…continued
A Pupil PrimerHigh-Power Effects
At the other end of the scale, there is such a thing as too small an exit pupil. The basic limit is imposed by the diffraction inherent in any telescope's aperture. Use a magnification of more than 50x per inch of aperture, even in perfect atmospheric seeing, and you're just magnifying diffraction fuzz. This means the minimum useful pupil size for any telescope is 0.5 mm.
But even with a 1-mm pupil you're likely to notice some bothersome effects. You may see your retina's blood vessels superimposed on Jupiter, along with "floaters" microscopic specks and strings of junk in your eyeball fluid. Floaters tend to increase with age. Other fine irregularities may be visible too.

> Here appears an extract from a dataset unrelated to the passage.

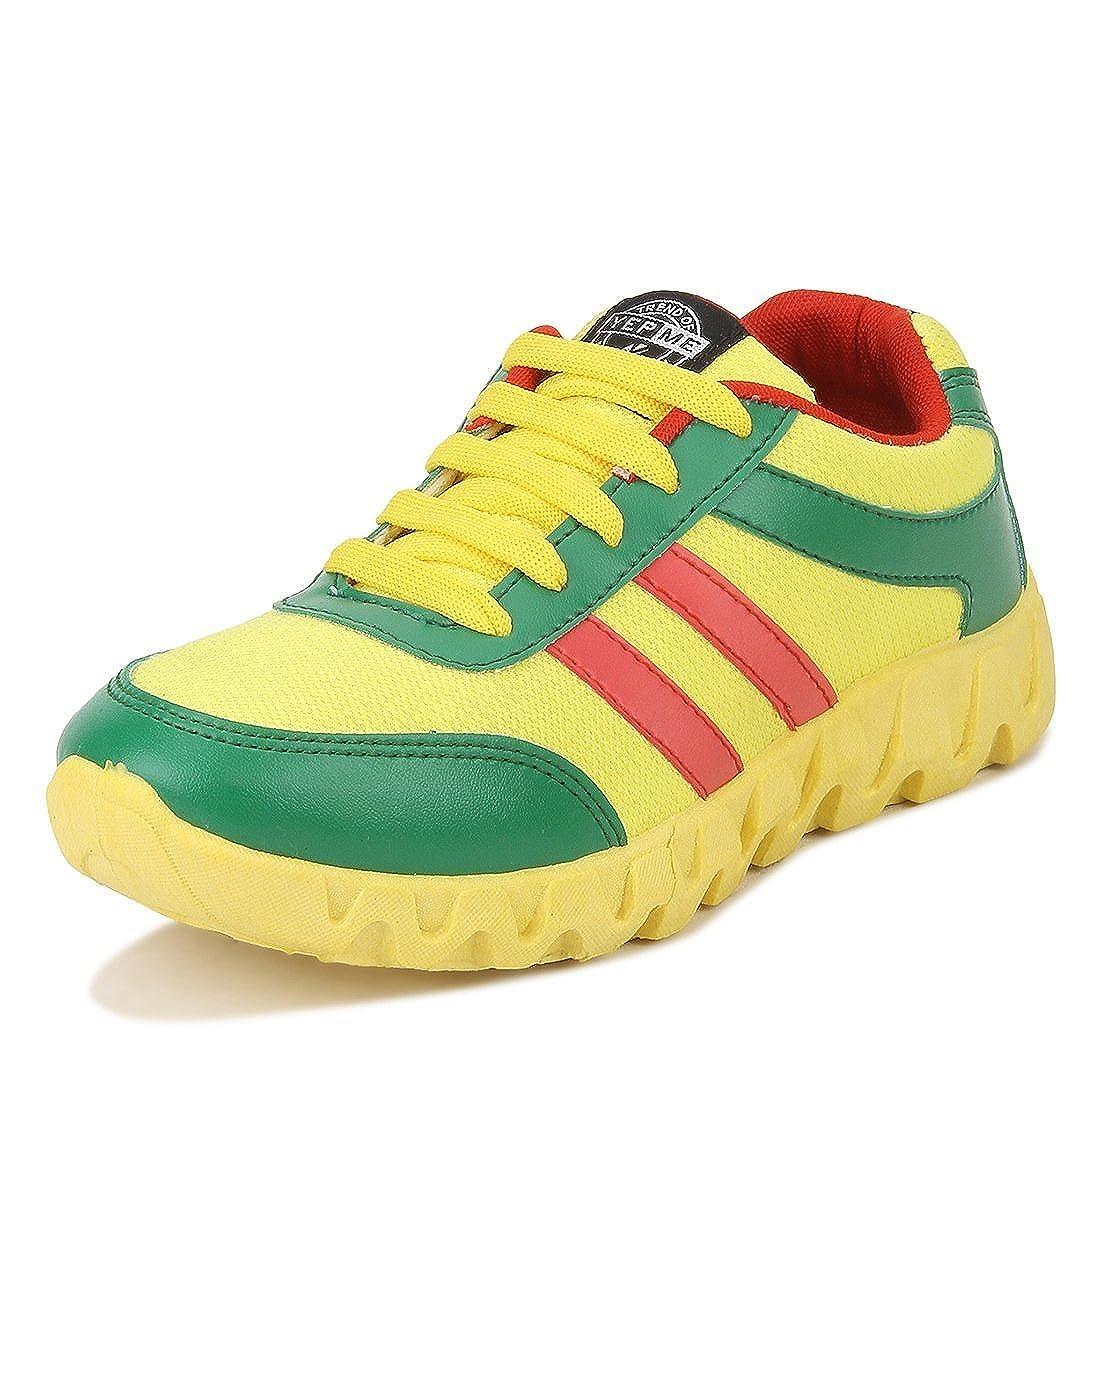 Yepme Men's Yellow Canvas Casual Shoes

Normally the neural network behind your retina does a remarkable job of image-processing all these things out of view. However, it tends to get thrown for a loop when the image is formed by narrow light cones from a tiny pupil. This is only logical. The eye never uses a 1-mm pupil in nature, so our visual processing system didn't evolve to fix whatever problems such a small pupil presents. If you keep glimpsing floaters, graininess, and blood vessels at very high power, ignore them.
A more pressing problem with small pupils is the issue of eye relief. This is how far the exit pupil floats behind the glass of the eyepiece. The amount of eye relief depends greatly on the eyepiece design. However, the smaller the exit pupil the closer to the glass it will probably be.

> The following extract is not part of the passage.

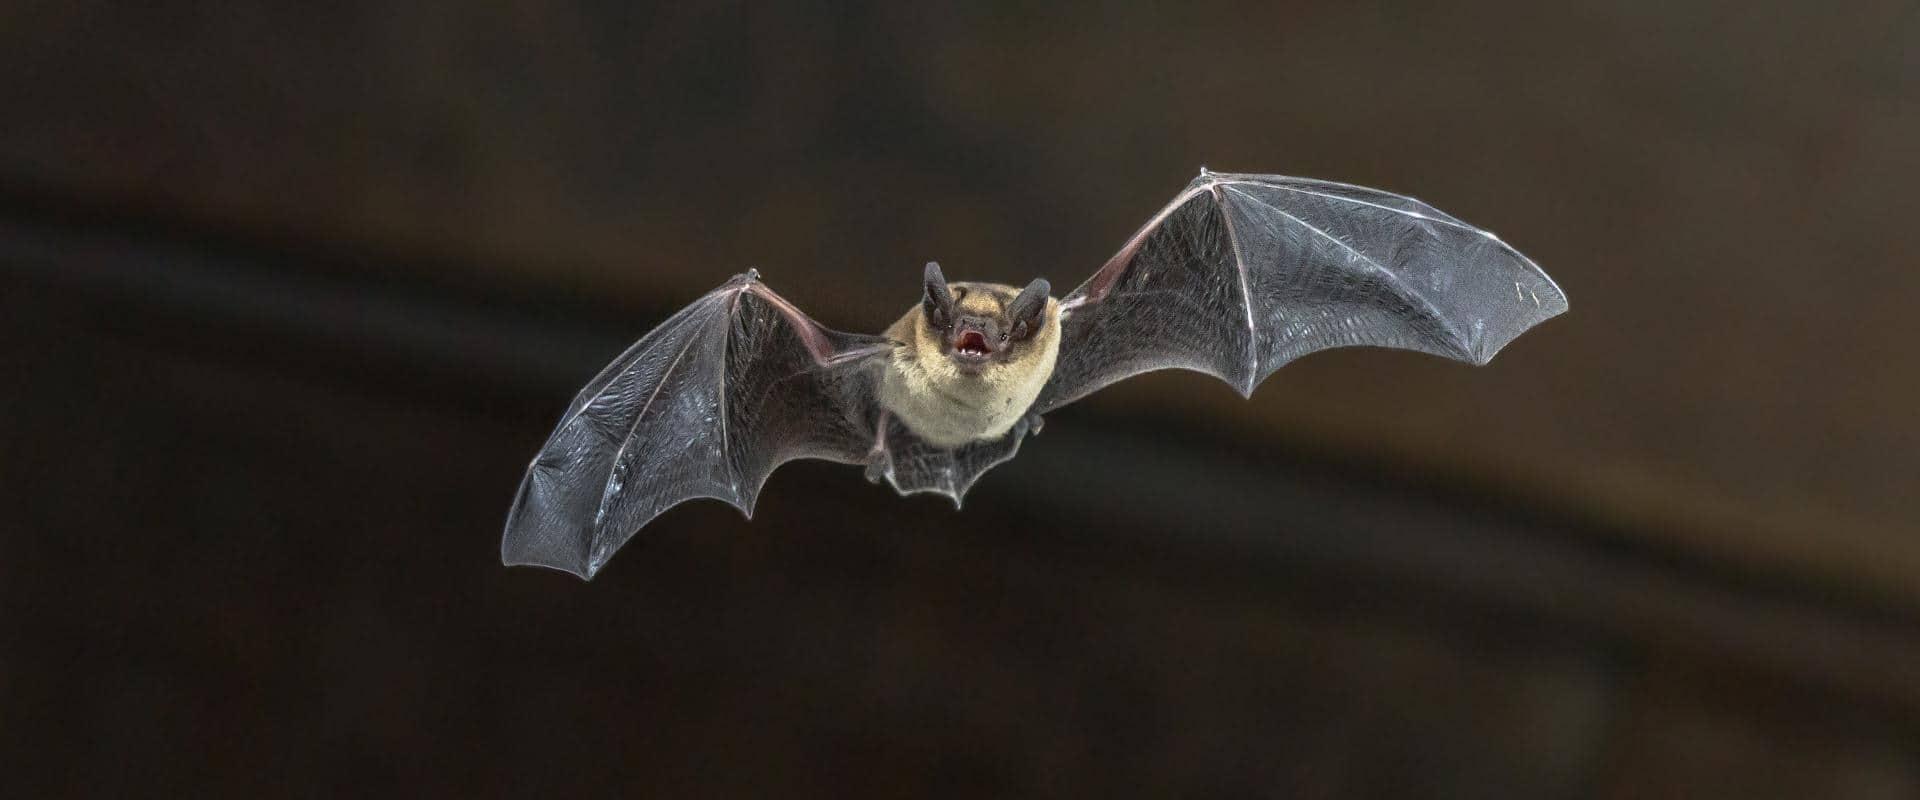 bat flying through air in central washington

Since you have to get the exit pupil into your eye, you may have to crowd in mighty close. If you need to wear glasses while observing (to correct for astigmatism, say), you may not be able to get your eyes close enough to see the whole field of view. Check this before buying binoculars.
On a telescope, you can obtain good eye relief at high power by using a moderately long-focus eyepiece with a Barlow lens. Barlows once had a poor reputation, but modern, well-designed ones with multicoated lens elements do not degrade the image significantly. In my 12.5-inch, I really can't see the difference between the 180x view in a 10.5-mm eyepiece and the 180x view in a 26-mm eyepiece of the same design with a 2.5x Barlow except that the latter gives more comfortable eye relief.
When all is said and done, you'll probably end up most pleased with a telescope's views when its exit pupil is from 2 to 5 mm across. By no coincidence, this is just about the everyday working size of the pupils that nature gave you.